– Будем молиться и надеяться: да принесет нынешнее событие благодать хотя бы той паре, что попалась на удочку. Судя по звукам, кто-то из них двоих сейчас как раз подъезжает сюда. Пойдем посмотрим!
Благородный жених и его свита приближались к приюту. На дороге мелькали яркие краски, призывно звучали рожки, колокольцы на лошадиных сбруях звенели не переставая. Замыкавшие кортеж слуги следовали пешком, ведя под уздцы вьючных пони, а также две пары рослых шотландских борзых на сворке. Жалкая кучка отверженных радостно подалась вперед, продвинувшись, насколько хватило смелости. Прокаженные стремились разглядеть получше и тонкие ткани, и роскошные краски, заказанные для них навеки. И когда процессия поравнялась с плетнем, послышалось приглушенное, восхищенно-благоговейное воркование этих обиженных судьбою людей.
Впереди всех на высокой черной лошади, сбруя которой, так же как и снаряжение седока, сверкала багрянцем и золотом, ехал тучный, ширококостный человек. В седле он держался уверенно, но без изящества. Вся остальная процессия следовала за ним на таком расстоянии, чтобы безусловное превосходство всадника не оставляло сомнений. Свиту возглавляли ехавшие в ряд три молодых дворянина. Они не спускали с господина пристальных, настороженных глаз, словно он в любую минуту мог обернуться и подвергнуть юношей какому-нибудь тяжкому испытанию. То же напряжение, близкое к страху, ощущалось и в следующих за ними слугах. Оно словно передавалось через слуг, пажей, конюхов и сокольничих замыкавшим процессию мальчикам, которых влекли за собой борзые. Только животные – равно лошади, собаки и птицы на перчатках у сокольничих – сохраняли спокойствие и уверенность в себе и не робели перед повелителем.
Брат Кадфаэль стоял в воротах приюта рядом с Марком и все пристальнее вглядывался в процессию. Любой из трех молодых дворян вполне сошел бы за жениха, но было куда как ясно, что ни один из них не зовется Юон де Домвиль.
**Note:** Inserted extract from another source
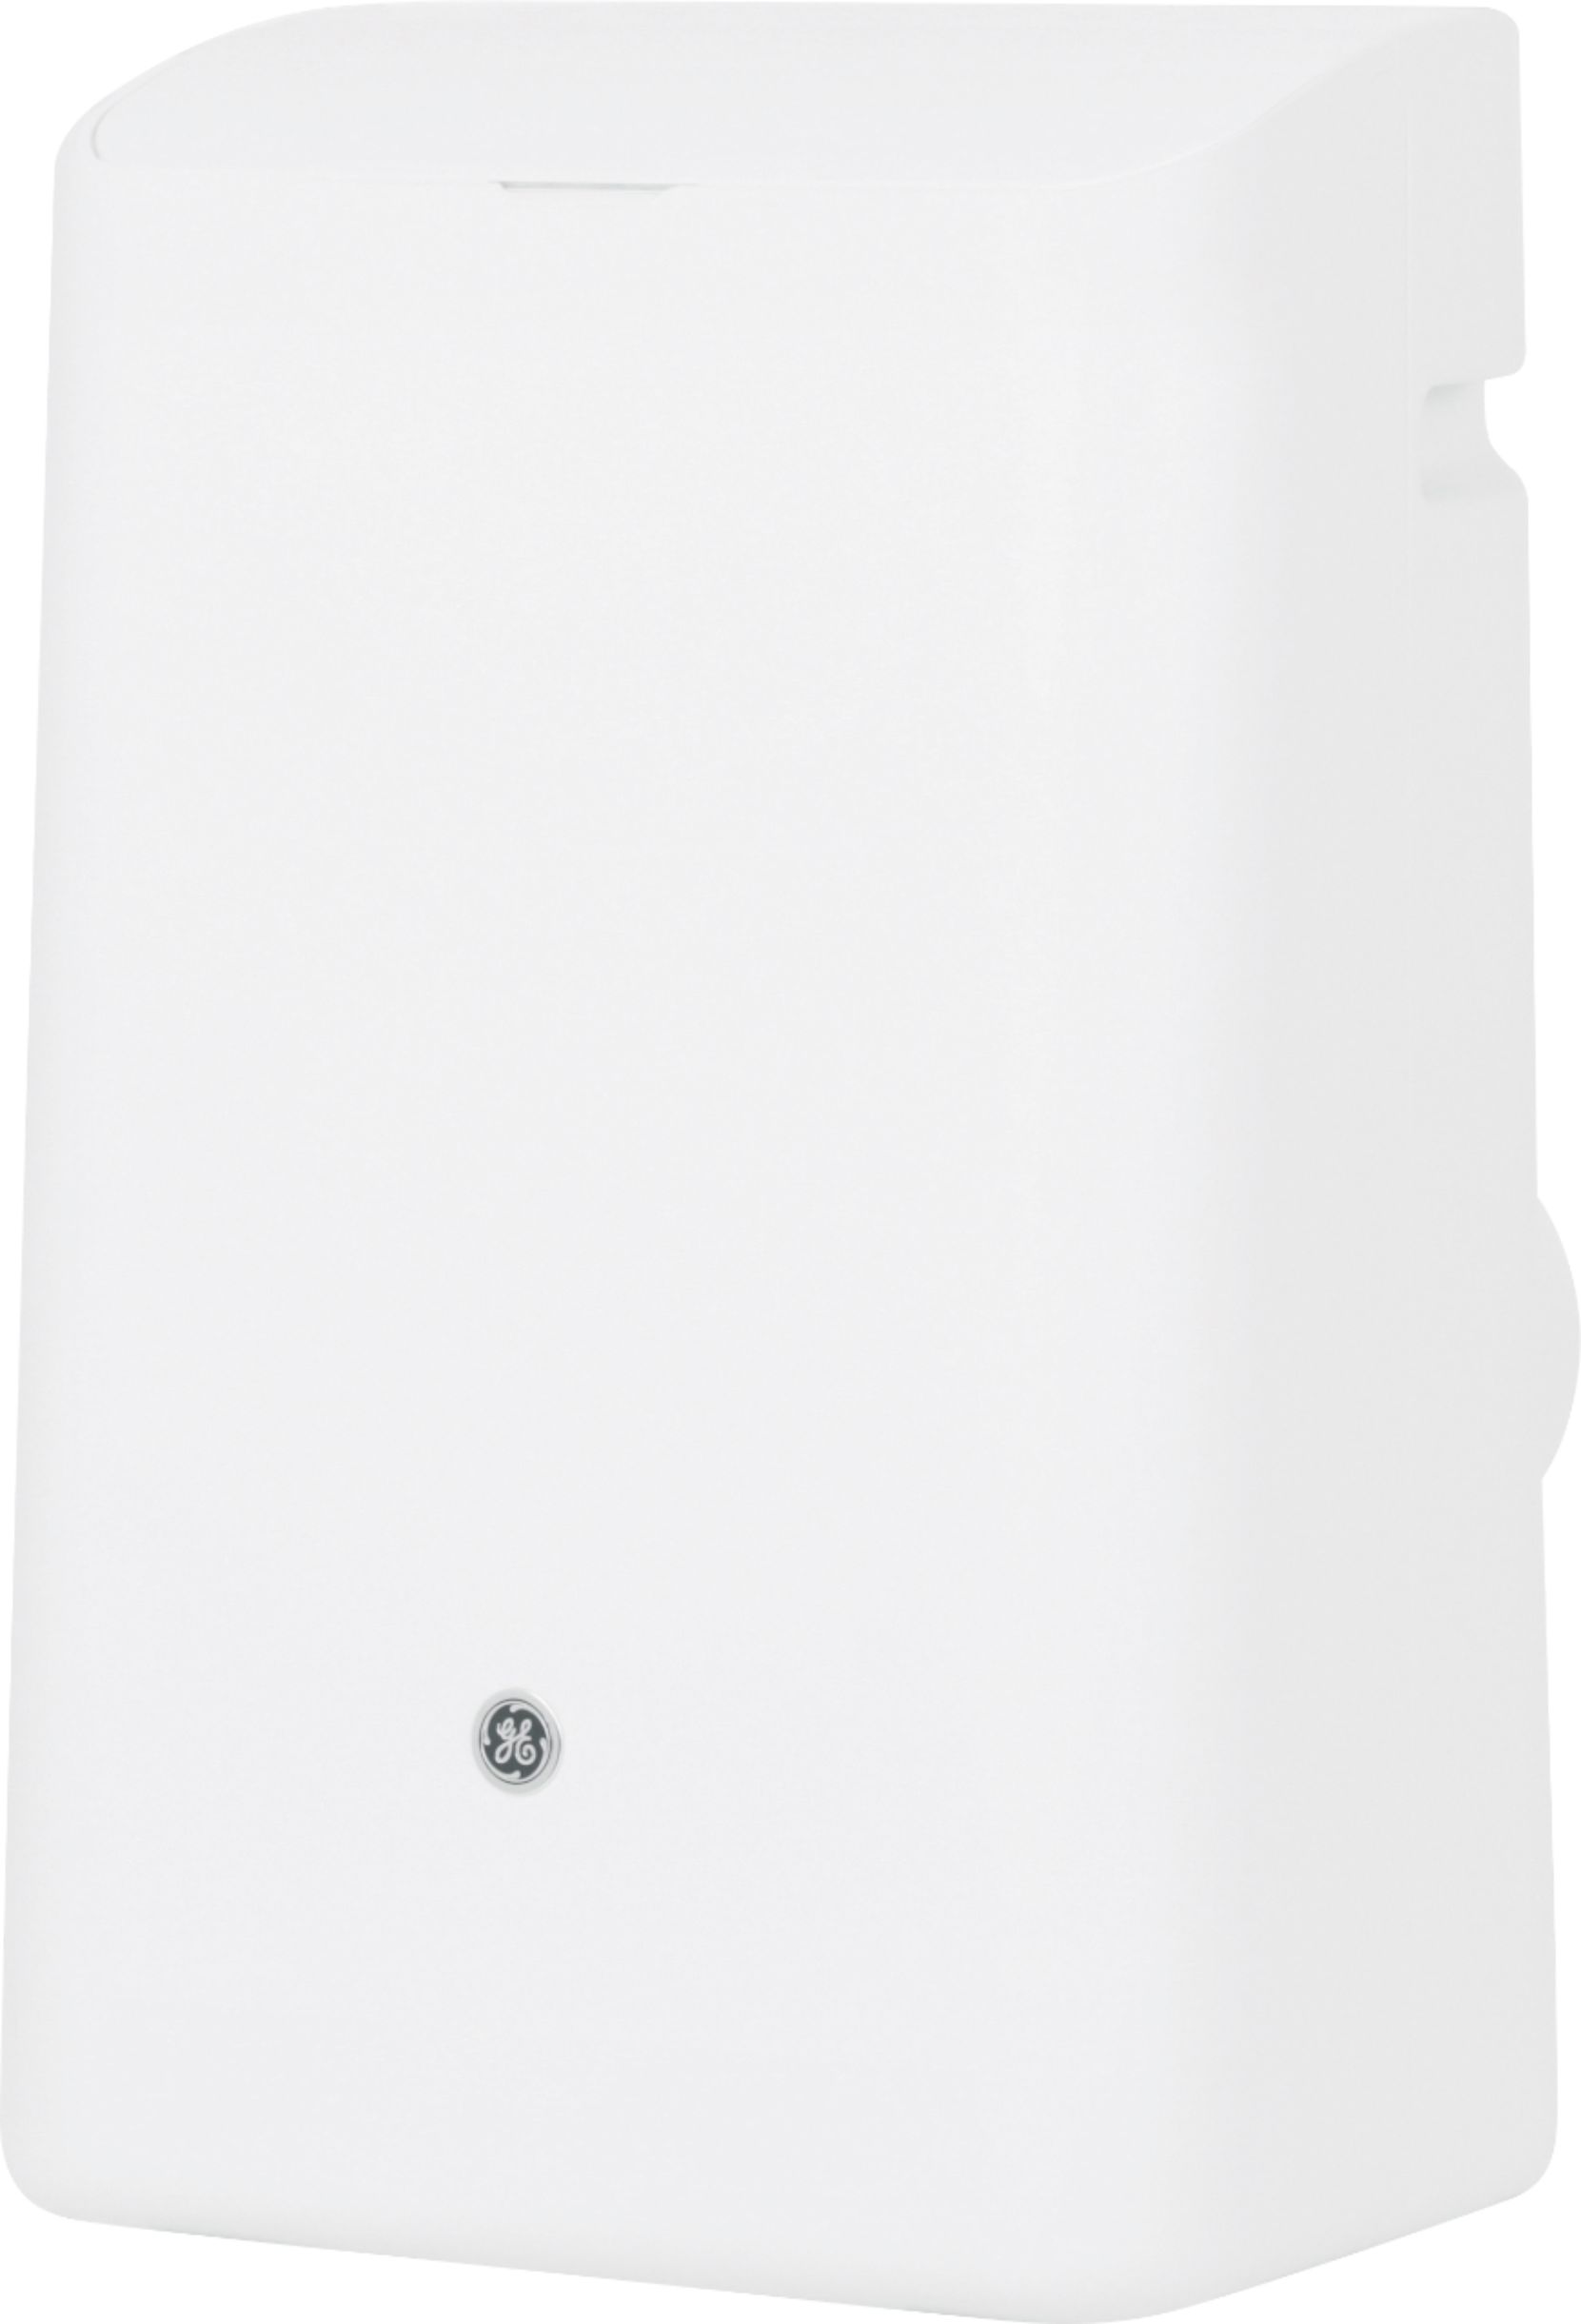 Left View: GE - 250 Sq. Ft. Portable Air Conditioner - White

Кадфаэлю как-то в голову не приходило, что барон может быть уже вовсе не первой молодости и что он отнюдь не юный влюбленный, вступающий в брак в подходящие для такого начинания годы. Между тем в короткой, но пышной бороде ехавшего впереди человека седина уже преобладала над смолью. На голове его сохранилась только курчавая бахрома седоватых волос. Тело выглядело все еще крепким, мускулистым и мощным, но всаднику давно перевалило за пятьдесят, а скорее всего, и шестой десяток подходил уж к концу. У Кадфаэля мелькнула мысль, что этот человек сжил со свету по меньшей мере одну жену. Невесте же, по слухам, только-только исполнилось восемнадцать, и ее выхватили прямо из рук няни. Что ж, такое случается.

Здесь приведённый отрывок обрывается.